By John Pickard, Brentwood Labour Party, personal capacity

The Tories under Theresa May are hanging on for dear life for one reason only. They may be completely split on Brexit, but they are absolutely unanimous that they do not want a new general election for fear that the Labour Party will be swept into power.

Theresa May thought she was delivering a knock-out blow to Labour in calling a snap general election a year ago, but she made a huge mistake.

Labour’s manifesto was so popular that they came within a whisker of winning and in the end the Tories only clung to power by an unprincipled deal with the DUP.

Despite the most hostile press for any Labour leader in living memory, the policies of the Labour Party—policies ‘For the Many, not the Few’ – proved to be enormously popular and the Labour Party made the biggest jump in its election showing since 1945.

Tories have nothing to offer

The Tories have nothing to offer working people—the vast majority of the population—except more austerity and more cuts.
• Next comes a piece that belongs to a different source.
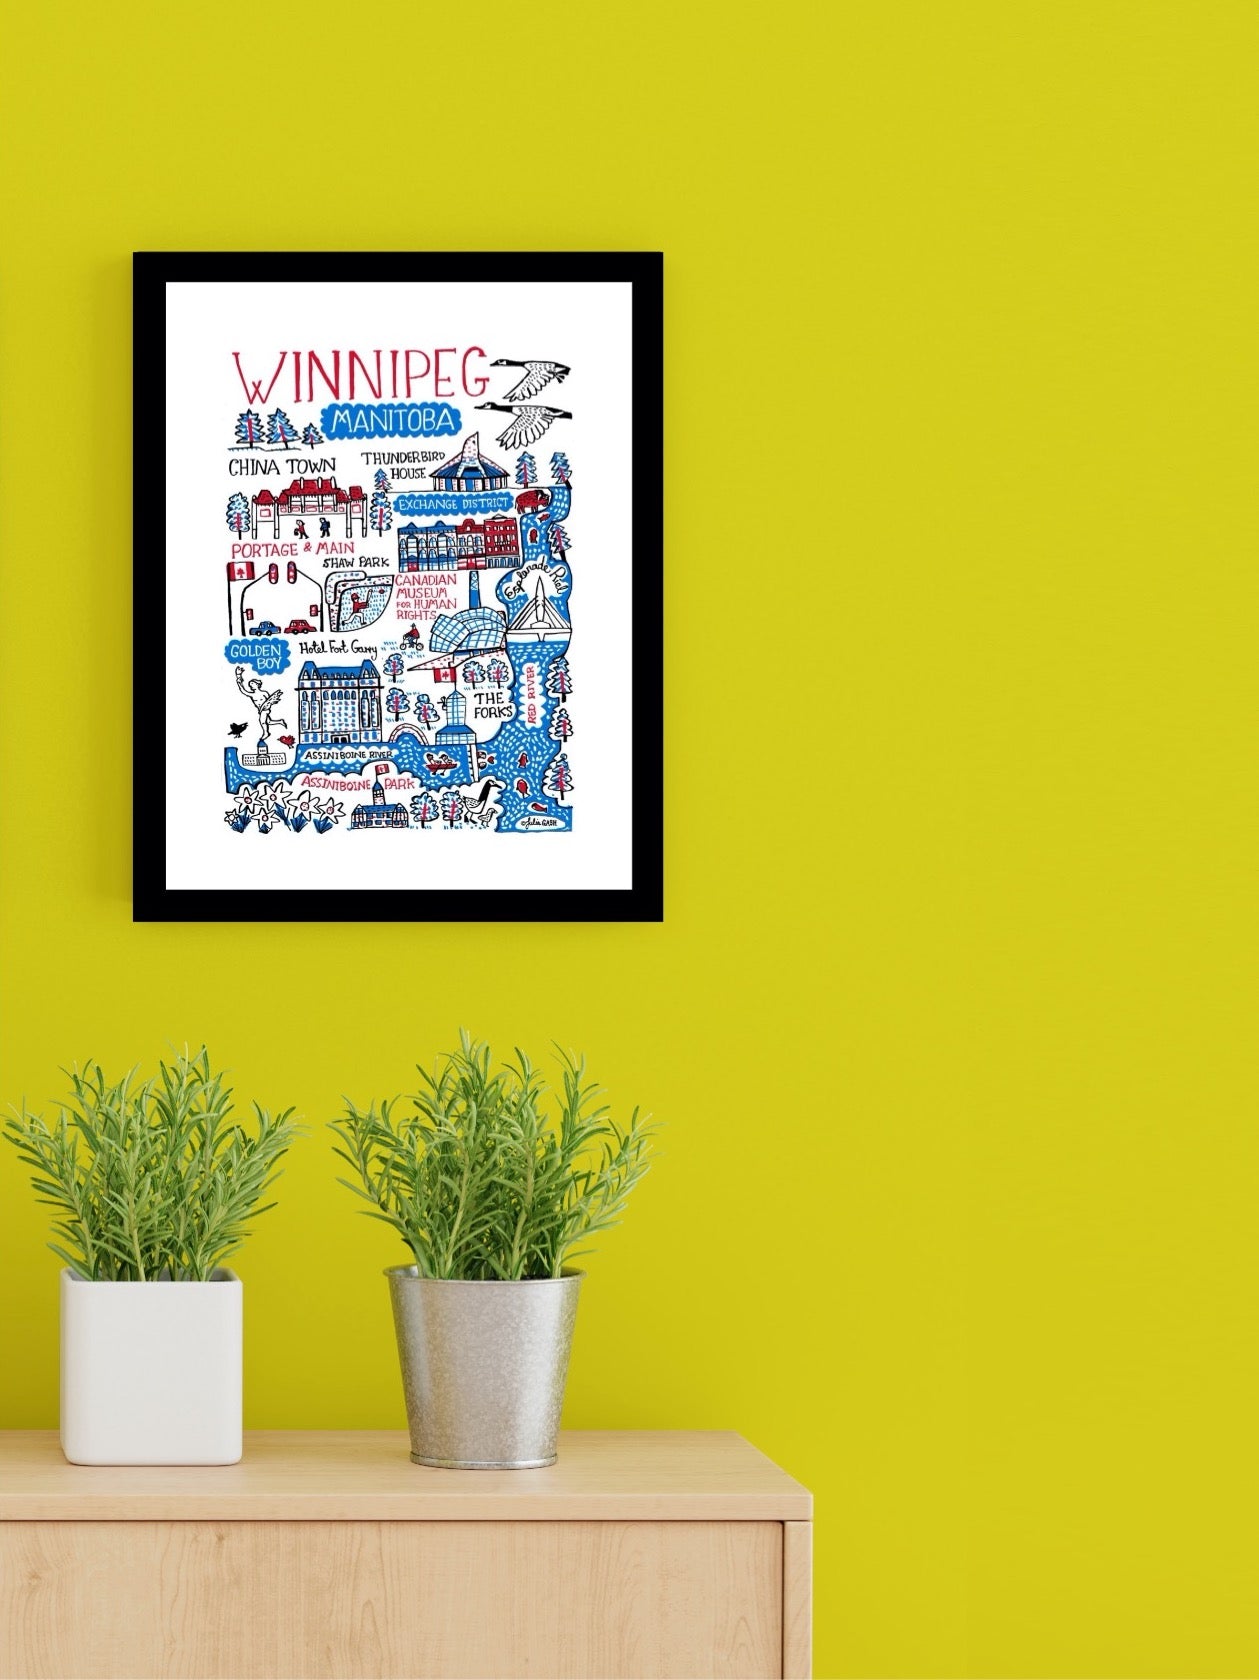 Winnipeg, Manitoba map illustration by Julia Gash featuring The Forks

All Theresa May’s promises about helping the ‘JAM’ families—the ‘just about managing’ – have gone up in smoke. Like her promises to rehouse the victims of the Grenfell fire. Like her promise to make good the appalling treatment of the Windrush generation of immigrants. All empty promises.

The Labour Party is a government in –waiting and that is why the Tories are so desperate to hang on, despite their splits.

Under Jeremy Corbyn, the Labour membership has increased to become the biggest political party in western Europe. But the real appeal of Labour is not for individuals but for popular policies.

Labour must make good its promises to implement policies in the interests of ordinary working-class people. Labour must renationalise Rail, Royal Mail and the utilities, all of which were sold off cheap to the business friends of the Tory Party.

A crash housing programme

Labour must end the pay cap on public sector workers and the draconian clamp-down on welfare benefits to the disabled and the sick.

Labour must implement a house-building programme, based especially on local authority social housing, so that young people can have a decent home of their own that really is affordable.

Rent controls should be introduced in the privately-rented sector so that families are not paying half their income in rent. Tenants should be given proper security of tenure and landlords should be made to improve damp and inadequate housing.

About all, Labour needs to go back to the old Clause 4 of the Party constitution and carry out socialist economic measures to bring the commanding heights o the economy into public hands.

The enormous wealth, know-how and resources of this country should be planned for everyone’s benefit, not for the benefit of a few rich and super-rich.

While the rich get richer, the rest face more austerity.

Even according to the ‘Centre for Social Justice’ which is a think-tank on the right of the political spectrum, the wages of the 10 million low-paid workers have stalled for twenty years and face another decade of standstill.

A fifth of British workers earn £15,000 a year or less and when the limit is put at £23,200, it covers half of the British workforce of 33 million. Tory Britain offers no future for these workers and their families.

According to the CSJ, only one tenth of workers earn above £53,000 a year, a level which can be considered to be a ‘good’ wage. Increasingly workers—particularly young workers—are being pushed into insecure low-paid, low-skill jobs, with little prospect of advancement or training to get better jobs and wages.

Regions like the north-east of England, where there used to be a sound basis of manufacturing, mining and engineering, have been particularly hard hit. Many cities, towns and villages have not recovered today from the economic blitzkrieg of Thatcherism in the 1980s.

This is the reality of Tory Britain today. Meanwhile, the rich and the super-rich make more money than they can spend, using their massive surpluses to make money from money.

The Labour Party must dedicate itself to policies that are in the interests of working class people, even if it means the rich and powerful—the 1 per cent of the population who control and own the economy—have their noses pushed out of joint!